Authors: Jennifer Harlow
Off comes my Prada suit and on slip my old sweats from the Academy. I pull my long, curly black hair into a ponytail, wash off a hundred dollars worth of make-up, and stroll out of my bedroom the size of my old apartment into the equally gigantic, dark hallway with oil paintings and ancient tapestries hanging between the six doors. Unlike the rest, the master bedroom is modern and light with white walls, comfortable furniture, and electronic gadgets galore. Justin didn't see the point of messing with the rest of the hundred-year-old mansion when he inherited it, and I didn't either. Everything is exactly how he left it. My cousin Veronica says it's unhealthy. The few times she's come over, she comments it's like walking into a mausoleum with shrines to my dead friend in every room. She actually gave me the name of a therapist when she found out I refused to throw out his clothes and I was sleeping in his old bed. I changed the sheets!
As I descend the grand marble staircase, my butler Dobbs strolls out from the kitchen carrying a tray of food. I inherited him as well. Justin left him seven million dollars and the Rolls Royce, but he insisted on sticking around to serve the house's owner as he had for over forty years. His wife died before I met him twenty years ago, and like me the Pendergasts were all he really had. I thank God everyday he decided to stay. He's family. "Miss Joanna, cook made you chicken breast, steamed cauliflower, and an apple for desert. I hope this is satisfactory."
I grimace. "I hate diets."
"If I may be so forward, I will say it appears to be working."
I take the tray. "Thanks. I still have fifteen pounds to go." I gained twenty-five this year and have been in a dozen gossip rags, none flattering. My favorite was that I was pregnant with Justin's love child. He would have gotten a kick out of that. "I'll eat this then go for a run. Have you had dinner?"

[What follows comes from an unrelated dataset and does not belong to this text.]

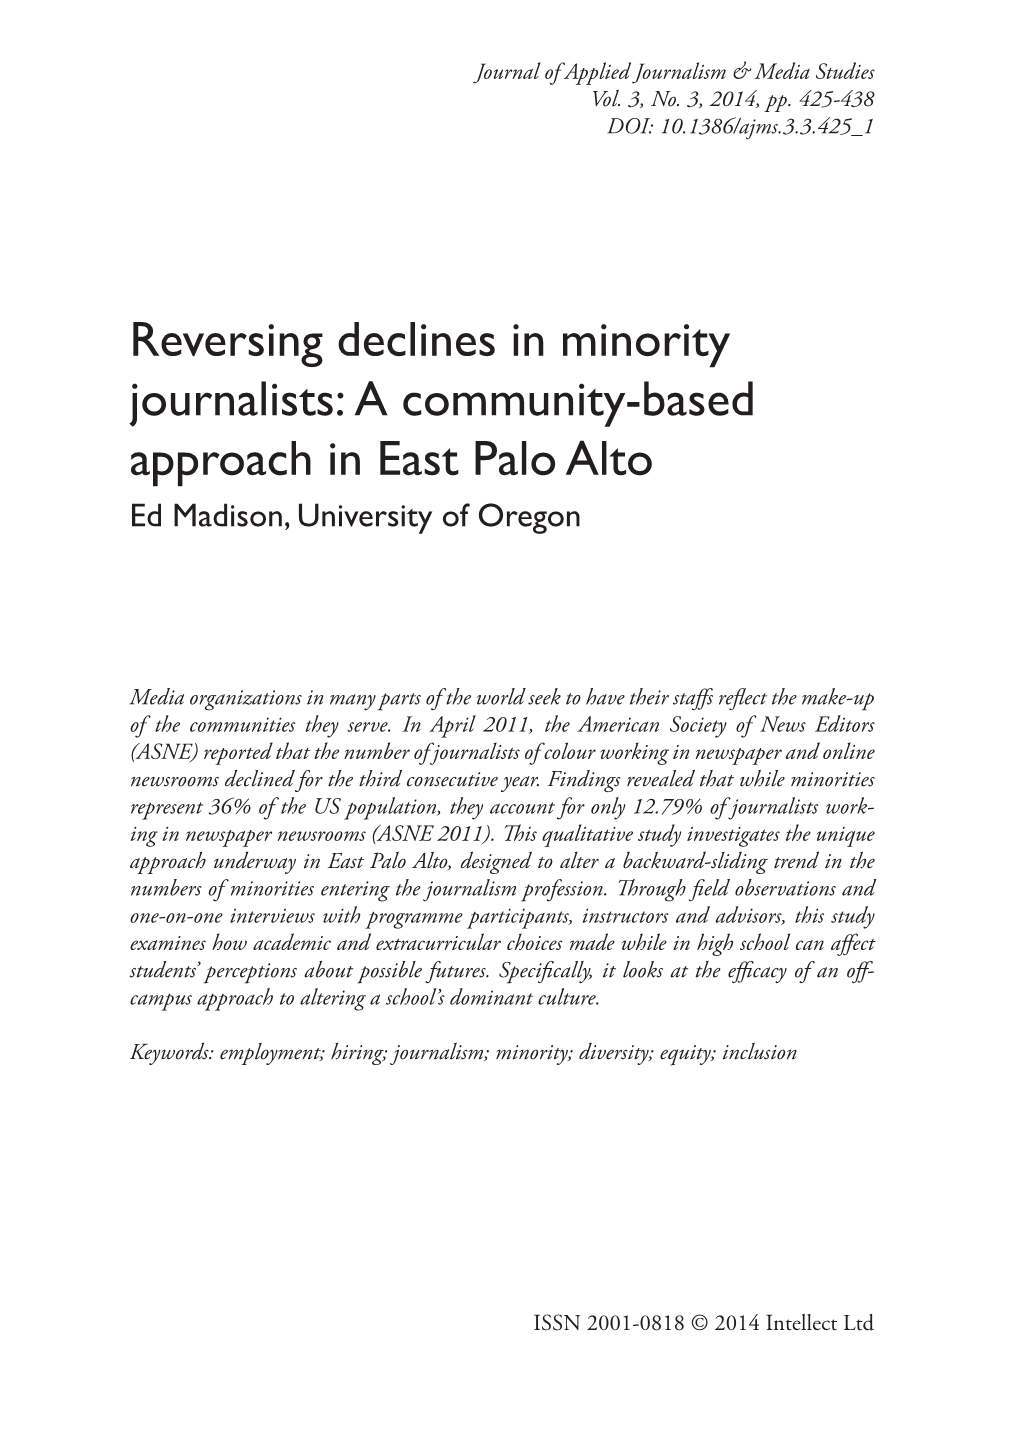 Reversing Declines in Minority Journalists: a Community-Based Approach in East Palo Alto Ed Madison, University of Oregon

"I was about to," Dobbs says.
"Then you can keep me company. Let's eat outside. Take advantage of the weather."
"Yes, miss," he says before disappearing back into the kitchen. I really don't feel like having dinner with anyone but the few nights I'm home at a reasonable time I try to dine with him. He's stuck in this monstrosity all day with no one but the servants under him to talk to, who he just orders around. The man's probably lonelier than even I. If that's possible.

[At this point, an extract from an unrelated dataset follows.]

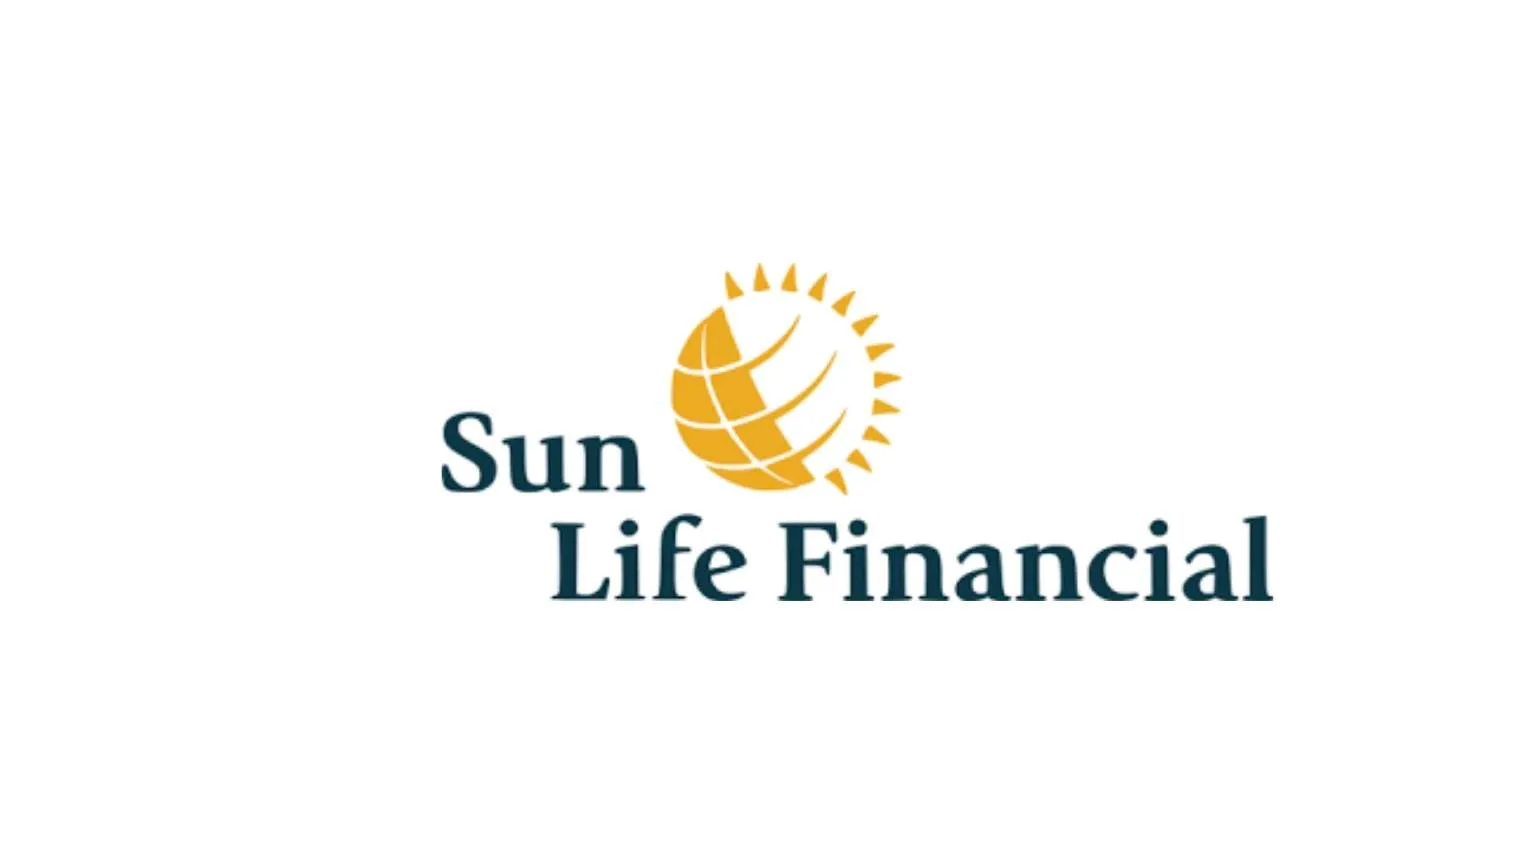 is sun life and minnesota life insurance the same thing

I turn on the TV in the living room and up the volume before opening the sliding glass door and stepping onto the patio. Even with the TV I can hear the lapping of waves of the ocean below. I don't know how many nights Justin and I spent out here just talking, drinking--that last one was me--and laughing our asses off. A wave of sadness washes over me like a tsunami as I remember his smiling face sitting across from me. I get at least five of those a day. A smell, a pair of Caribbean blue eyes, hell even just an Armani suit triggers the emotional natural disaster. I have gotten better at hiding when it happens. No more near panic attacks, sharp intakes of breath, and the desire to double over as if punched in the stomach for me. I've found that not having investors believing the head of the company needs a straightjacket is a great motivator to develop a poker face. Only took half a year. I'm a slow learner.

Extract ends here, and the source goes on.